■ **Task item**
Which of the lines in the records below hold the string "Glass"? Copy every one of them.

■ **Data extract**

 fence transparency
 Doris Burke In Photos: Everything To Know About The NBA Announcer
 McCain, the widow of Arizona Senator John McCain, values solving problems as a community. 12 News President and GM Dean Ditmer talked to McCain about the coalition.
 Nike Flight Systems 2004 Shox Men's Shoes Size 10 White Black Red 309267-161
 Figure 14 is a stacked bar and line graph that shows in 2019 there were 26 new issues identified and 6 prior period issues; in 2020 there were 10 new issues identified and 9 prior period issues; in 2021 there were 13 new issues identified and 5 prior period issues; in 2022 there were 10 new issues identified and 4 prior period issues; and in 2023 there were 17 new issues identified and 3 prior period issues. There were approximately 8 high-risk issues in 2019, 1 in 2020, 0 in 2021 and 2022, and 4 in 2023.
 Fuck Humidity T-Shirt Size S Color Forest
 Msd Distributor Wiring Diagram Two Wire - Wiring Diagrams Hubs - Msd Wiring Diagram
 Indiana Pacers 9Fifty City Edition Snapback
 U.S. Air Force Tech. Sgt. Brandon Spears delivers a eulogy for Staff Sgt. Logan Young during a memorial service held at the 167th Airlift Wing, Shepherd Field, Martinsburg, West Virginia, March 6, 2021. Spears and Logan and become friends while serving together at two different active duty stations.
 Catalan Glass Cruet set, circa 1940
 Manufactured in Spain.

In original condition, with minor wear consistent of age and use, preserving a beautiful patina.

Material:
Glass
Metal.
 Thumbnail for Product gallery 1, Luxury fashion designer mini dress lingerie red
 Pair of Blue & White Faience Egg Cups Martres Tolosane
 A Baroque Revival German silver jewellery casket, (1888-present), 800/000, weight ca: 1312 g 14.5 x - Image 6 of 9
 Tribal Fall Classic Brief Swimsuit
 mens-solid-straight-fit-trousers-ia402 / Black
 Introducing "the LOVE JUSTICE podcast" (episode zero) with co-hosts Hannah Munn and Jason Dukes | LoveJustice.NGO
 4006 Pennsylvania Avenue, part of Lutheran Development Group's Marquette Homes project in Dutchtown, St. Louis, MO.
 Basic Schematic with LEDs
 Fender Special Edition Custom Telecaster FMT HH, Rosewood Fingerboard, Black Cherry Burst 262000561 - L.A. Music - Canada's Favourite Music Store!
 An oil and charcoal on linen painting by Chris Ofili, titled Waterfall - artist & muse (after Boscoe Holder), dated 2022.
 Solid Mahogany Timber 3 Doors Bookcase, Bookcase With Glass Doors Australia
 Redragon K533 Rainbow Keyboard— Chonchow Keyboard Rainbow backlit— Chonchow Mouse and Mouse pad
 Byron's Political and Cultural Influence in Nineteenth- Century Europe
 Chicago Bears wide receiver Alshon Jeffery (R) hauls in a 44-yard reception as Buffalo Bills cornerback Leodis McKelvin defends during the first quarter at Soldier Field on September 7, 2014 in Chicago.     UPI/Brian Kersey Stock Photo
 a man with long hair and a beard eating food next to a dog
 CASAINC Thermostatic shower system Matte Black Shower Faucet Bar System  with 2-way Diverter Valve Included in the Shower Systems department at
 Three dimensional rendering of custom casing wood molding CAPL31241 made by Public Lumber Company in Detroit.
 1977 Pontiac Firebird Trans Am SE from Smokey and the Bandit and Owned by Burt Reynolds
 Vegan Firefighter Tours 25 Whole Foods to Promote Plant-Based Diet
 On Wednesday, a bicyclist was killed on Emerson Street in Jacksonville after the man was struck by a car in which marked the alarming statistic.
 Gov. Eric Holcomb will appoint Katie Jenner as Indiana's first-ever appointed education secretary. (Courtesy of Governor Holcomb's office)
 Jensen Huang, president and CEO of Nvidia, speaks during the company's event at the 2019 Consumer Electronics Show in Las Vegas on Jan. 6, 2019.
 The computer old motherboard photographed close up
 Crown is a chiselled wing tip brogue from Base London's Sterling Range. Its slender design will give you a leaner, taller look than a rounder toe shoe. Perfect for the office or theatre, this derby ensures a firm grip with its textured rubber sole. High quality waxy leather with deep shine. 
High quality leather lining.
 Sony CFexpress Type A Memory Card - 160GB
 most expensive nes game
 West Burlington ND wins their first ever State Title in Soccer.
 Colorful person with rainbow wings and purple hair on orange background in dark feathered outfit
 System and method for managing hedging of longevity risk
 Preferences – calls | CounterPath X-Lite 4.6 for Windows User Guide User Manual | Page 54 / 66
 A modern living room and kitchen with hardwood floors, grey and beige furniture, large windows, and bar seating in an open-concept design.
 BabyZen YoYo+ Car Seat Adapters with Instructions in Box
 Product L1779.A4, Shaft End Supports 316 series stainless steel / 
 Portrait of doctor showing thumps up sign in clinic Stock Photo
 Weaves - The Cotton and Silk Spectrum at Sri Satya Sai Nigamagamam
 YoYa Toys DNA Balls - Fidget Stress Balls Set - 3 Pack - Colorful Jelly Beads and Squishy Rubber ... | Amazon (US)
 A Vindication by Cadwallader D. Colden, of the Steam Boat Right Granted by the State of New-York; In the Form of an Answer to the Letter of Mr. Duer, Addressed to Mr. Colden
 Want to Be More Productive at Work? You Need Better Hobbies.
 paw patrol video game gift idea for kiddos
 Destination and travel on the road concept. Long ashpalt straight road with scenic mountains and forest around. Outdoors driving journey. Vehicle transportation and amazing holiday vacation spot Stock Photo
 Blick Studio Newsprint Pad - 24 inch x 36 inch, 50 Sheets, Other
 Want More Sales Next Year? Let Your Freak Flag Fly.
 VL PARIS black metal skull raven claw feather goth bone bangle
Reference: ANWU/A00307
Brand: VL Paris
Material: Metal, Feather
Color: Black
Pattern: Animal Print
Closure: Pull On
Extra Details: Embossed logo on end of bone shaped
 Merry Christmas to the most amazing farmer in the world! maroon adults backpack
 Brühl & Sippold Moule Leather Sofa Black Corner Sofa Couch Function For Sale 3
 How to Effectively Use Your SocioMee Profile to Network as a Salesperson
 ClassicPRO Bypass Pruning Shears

■ **Result of this exercise**
 Catalan Glass Cruet set, circa 1940
Glass
 Solid Mahogany Timber 3 Doors Bookcase, Bookcase With Glass Doors Australia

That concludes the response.